Sabato 18 Febbraio 2012 Bellaria,  Pjazza Club, v.le P. Guidi 4, ore 21,30. VEGLIA DI

Sant'Apollonia

XXII edizione

Serata di musiche e danze della tradizione popolare romagnola eseguite da L’UVA GRISA al gran completo!!!.

 

A chi ama vagar con la fantasia e mutar d’aspetto si suggerisce un abito romantico di qualunque tempo e luogo.

 

Ingresso € 12,00. Il ricavato sarà devoluto al restauro di una casa di accoglienza Scout a Strabatenza (Bagno di Romagna).  Si consiglia la prenotazione.

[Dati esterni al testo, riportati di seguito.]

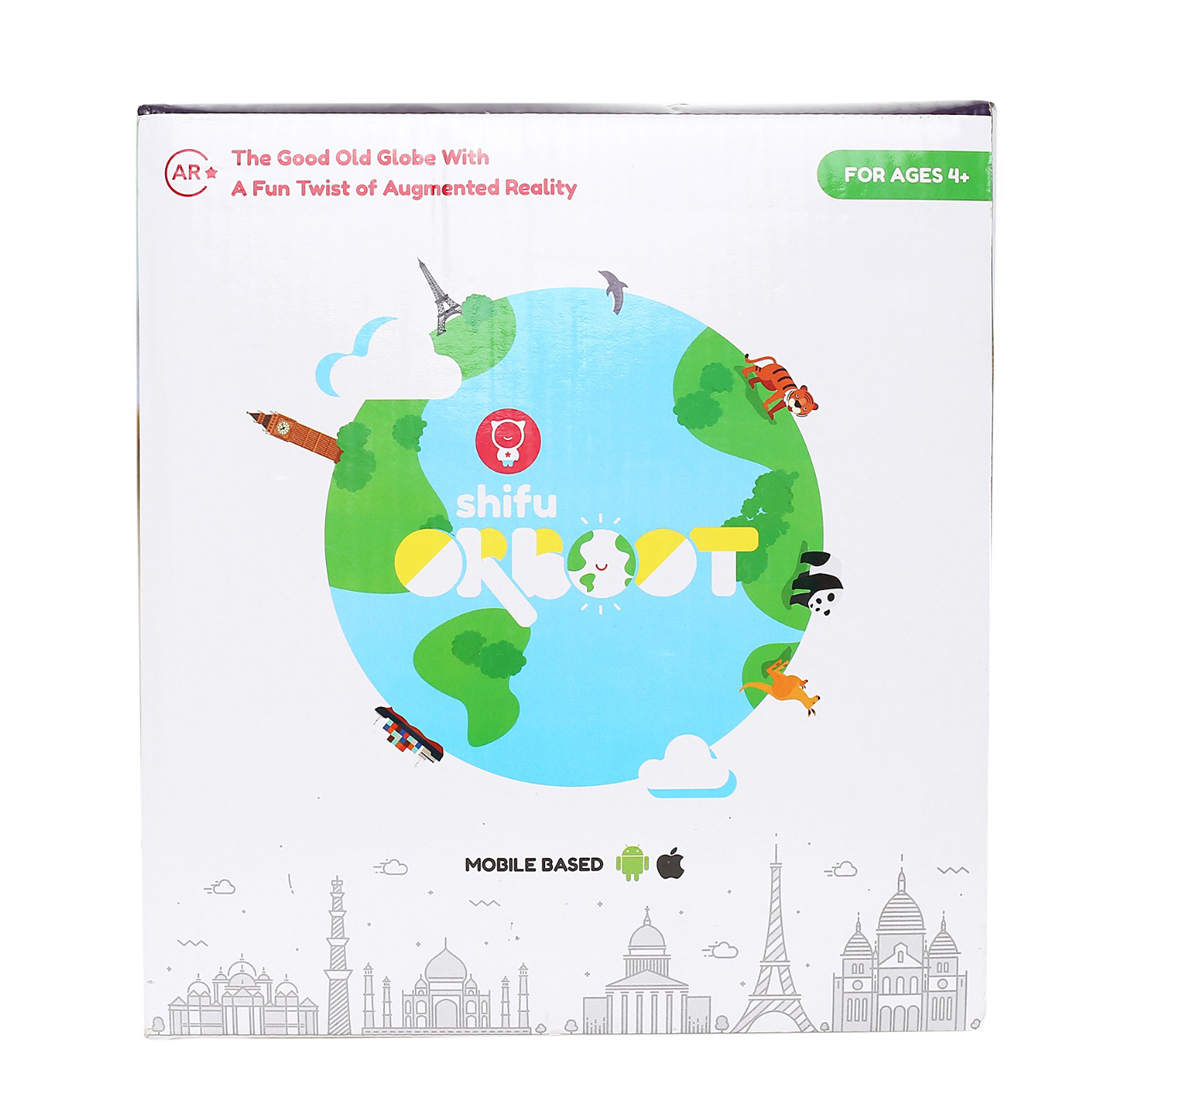 Playshifu | Playshifu Orboot - The Educational, Augmented Reality Based Globe Science Equipments for Kids age 4Y+

Si prenota, a partire da venerdì 27 gennaio, comunicando il nome, cognome di ciascun partecipante e un recapito telefonico. Info: Dianella Gori, cell. 338/6942804; e-mail  info@hotelcannes.it  

Sabato 4 febbraio 2012                Isola dei Platani, Via Paolo Guidi, 108 -  Piazzetta delle Vele davanti alla Biblioteca, Bellaria, Ore 16,00

 

“Piccola” animazione con L’Uva Grisa

(annullata per neve)

nell’ambito della Festa patronale di Sant’Apollonia, per promuovere e far conoscere i balli antichi della tradizionale popolare romagnola.
Venerdì 20 Gennaio 2012 Bellaria (RN), Osteria "Da Gianòla", Via Alicata, 1 ore 20.30 FESTA DEL MAIALE Le ghiottonerie della gastronomia contadina romagnola. cucinate da Roberto Giorgetti.  Ciccioli, salsicce, salami, pancetta, braciole... e tutto quello che ci sta nel piatto. Una grande mangiata a base di maiale, innaffiata di Sangiovese e accompagnata da musiche e canti tradizionali con L'Uva Grisa. - Info. e prenotazioni tel. 0541 - 347839, cell. 347 0653999

5 Gennaio 2012:

Igea Marina e Bellaria Borgata vecchia 6 Gennaio:

Casteldelci,Schigno, Senatello, Alta Valle del Marecchia (RN)

Si canta la PASQUELLA

canto rituale di questua dell'Epifania

Il canto della Pasquella viene portato in forma spontanea di casa in casa nelle vie dei paesi.